Physical health issues. Several health problems can be the cause of Erectile Dysfunction and, sometimes, of a lower libido.

  • Diabetes: excess glucose in the blood affects the mechanisms of erection;
  • Cardiac disorders or atherosclerosis (the formation of plaques on the wall of the arteries, which narrows their diameter);
  • Arterial hypertension;
  • Overweight or obese;
  • Chronic neurological disease (Parkinson’s disease, multiple sclerosis, etc.);
  • Depression;
  • Androgen deficiency: hormonal disorder causing a decrease in so-called androgen hormones (of the testosterone family), hormones essential for the functioning of desire, arousal, erection.
  • Spinal cord injury following an accident, depending on the location and severity of the injury. For example, a lesion at the height of the neck can alter the erection linked to desire, but preserve the reflex erection, linked to a reflex center located at the lower back.
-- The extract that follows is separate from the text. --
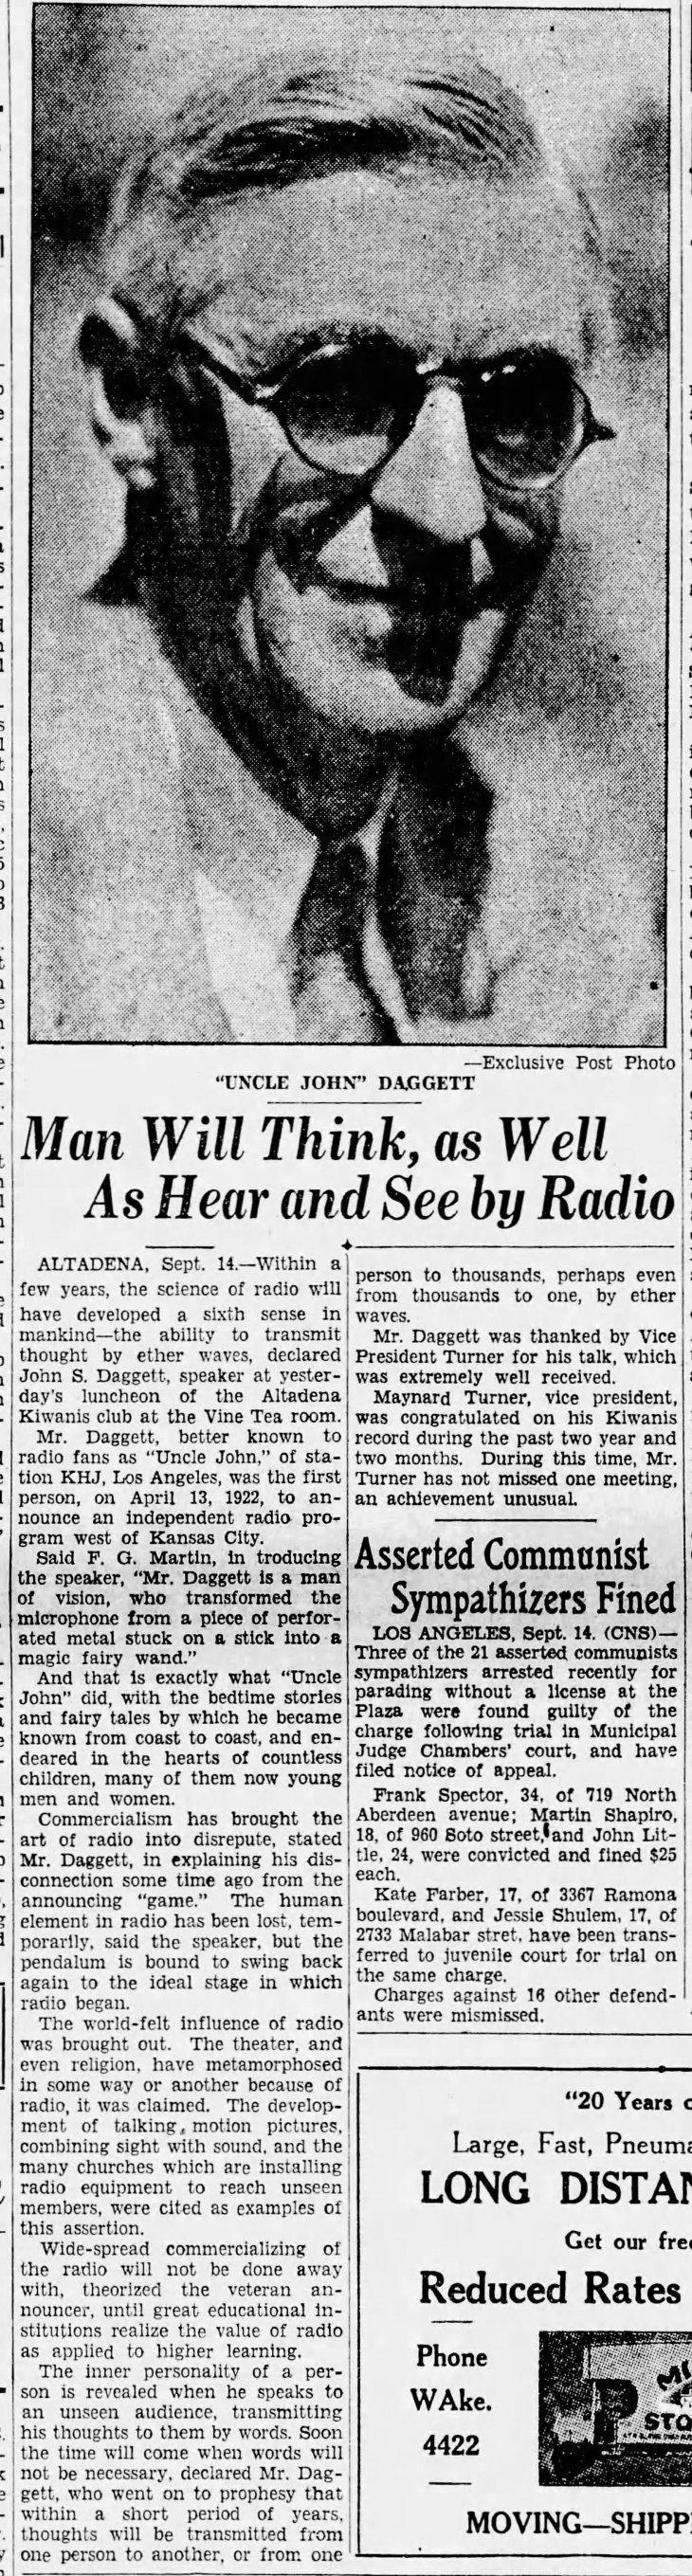 Daggett speech on radio The_Pasadena_Post_Sat__Sep_14__1929_

Medicines or treatments. Some treatments (against benign prostatic hyperplasia, for example) or pharmaceuticals (especially some antidepressants, antihistamines, and high blood pressure medications) affect your ability to get an erection or your desire for sex.

Smoking, alcohol or drug abuse. They can contribute to erectile dysfunction or difficulty ejaculation.

Difficulties in the couple. Unresolved conflicts with the partner often have repercussions on the desire to have sex and to let go intimately with his (or her) partner.

Latent homosexuality or unrecognized can have consequences on the course of sexual relations.

Stress, depression, anxiety. Nervous tension generated by concerns (worries related to work, family, financial difficulties, personal history, etc.), anxiety and depression often reduce energy and sexual desire. There may also be apprehension about sex, due to past bad experiences or fear of failure, called performance anxiety.

In case of premature ejaculation. Its origin often involves a set of factors, the main factor of which is the lack of learning the skills necessary to delay ejaculation. Other factors are undoubtedly involved, genetics, hypersensitivity of the glans penis, anxiety related to sexual performance or relationship difficulties with the partner.